The Commission needs to address both the way it collects funds available for universal service investment, and the way it distributes these funds. On the collection side, Mr. Martin noted that “The current…method…simply does not reflect the competitive and dynamic communications market that exists today.
For example, it doesn’t account for the increase in bundled service offerings, the increasing migration to wireless and [Internet-based] services or the shrinking long distance market. Whatever we do to ensure the sufficiency and sustainability of the universal [service] fund, it is critical that people who live in rural and high cost areas continue to receive service at affordable rates…[W]hatever rules the Commission ultimately adopts, these rules must impact all technologies – both new and old – equally. Regulation must not have the effect, unintended or otherwise, of favoring the adoption of certain technologies over others. In addition, it is also imperative that the solution be faithful to Congress’s directive to “preserve and advance” universal service.
On the distribution side, the Commission “is also facing increasing challenges,” the Chairman noted. For example, he said that the demand for universal service funds is growing, and that
a lot the fund’s growth in recent years is attributable to new competitive eligible telecommunications carriers (or CETCs), particularly wireless CETCs, that have begun to receive funding.

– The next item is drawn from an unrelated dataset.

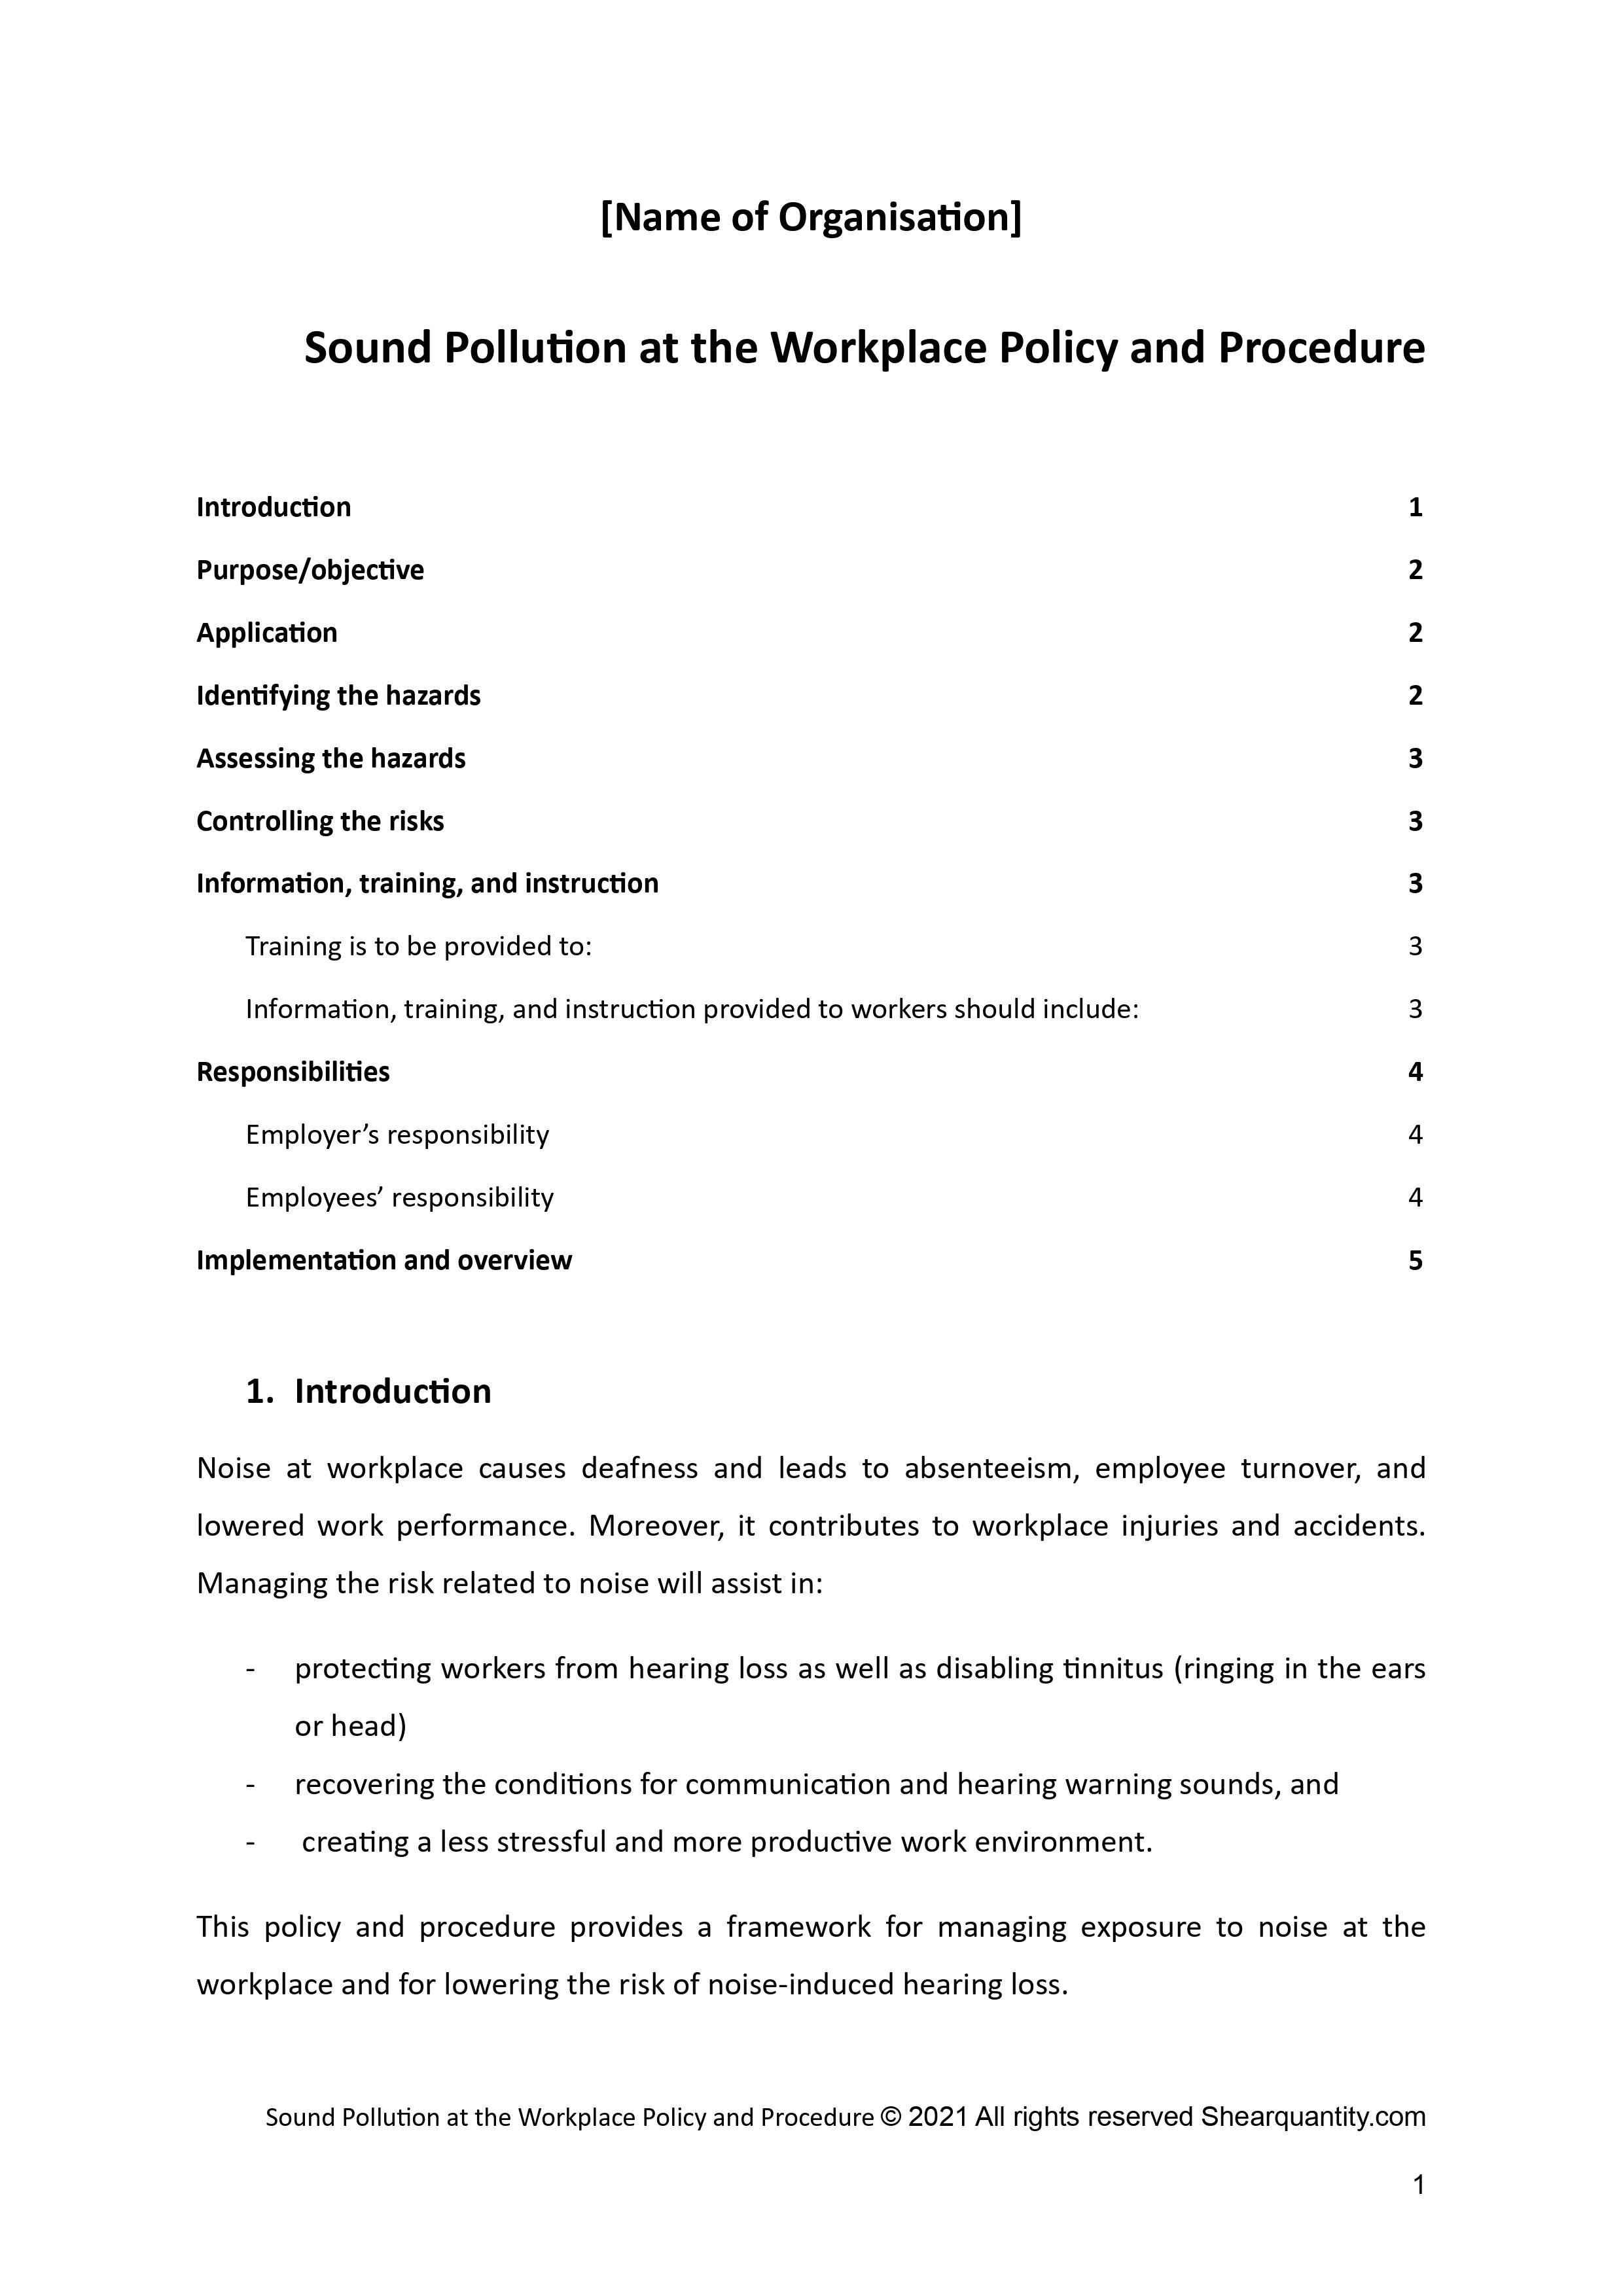 Sound Pollution at the Workplace Policy and Procedure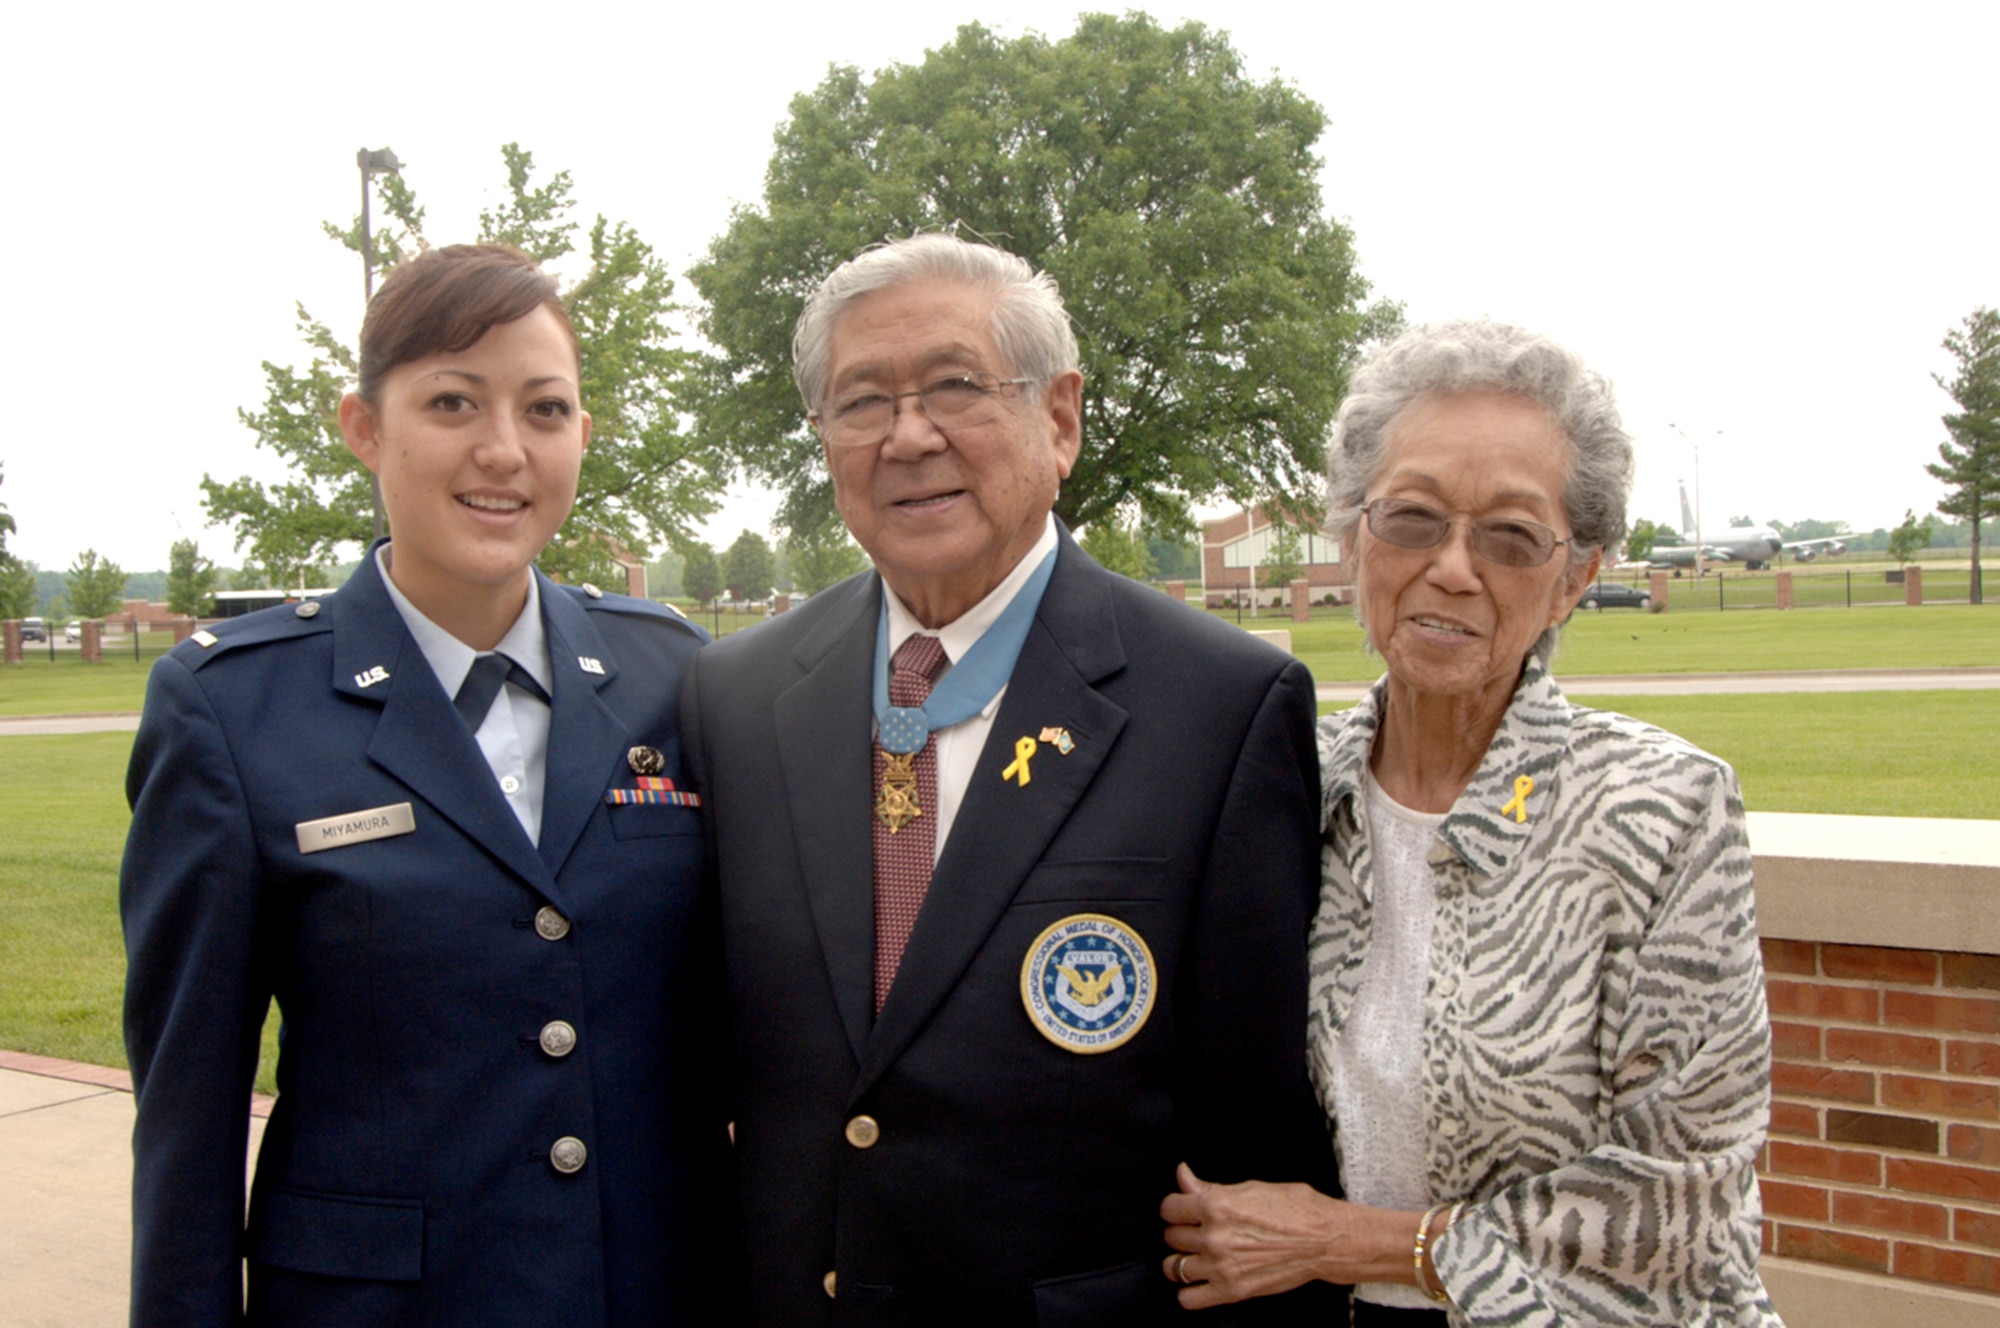 Medal of Honor recipient Hiroshi Miyamura stands with 2nd Lt. Marisa Miyamura, his granddaughter, and Terry, his wife of 62 years May 17, 2010, at Scott Air Force Base, Ill. Mr. Miyamura shared his experiences as a Korean War veteran and POW with members at Scott AFB as part of Asian-Pacific American Heritage Month celebrations. Lieutenant Miyamura is a communications officer assigned to Scott AFB. (U.S. Air Force photo/Karen Petitt)

The number of CETCs is increasing dramatically and is one of the primary drivers of fund growth. Since 2000, CETC … payments have grown from about $1.5 million annually to about $333 million annually.
He added that he “repeatedly [has] expressed [his] concerns with the Commission’s policies of using universal service support as a means of creating competition in high cost areas,” and expressed his doubt whether “it is viable in the long term to continue subsidizing multiple competitors to serve areas in which costs are prohibitively expensive for even one carrier. [He] also expressed concern about how CETC support is calculated. For example, even if their costs are lower, they receive support based on [the] higher costs [of the incumbent carrier.”
Further, Chairman Martin “expressed [his] concerns with the fact that CETCs are not required to meet all of the same obligations as the incumbents. … Placing [the] same obligation[s] on all ETCs would be fully consistent with a policy of competitive and technological neutrality among all service providers.”
In short, regulation should not pick winners and losers. It should not discriminate between providers or services. However, we are currently faced in the telecommunications industry with a variety of regulatory treatments of similar services. It’s good to know that the Chairman of the Federal Communications Commission is working so hard with industry to promote innovation while preserving access to advanced communications in Rural America.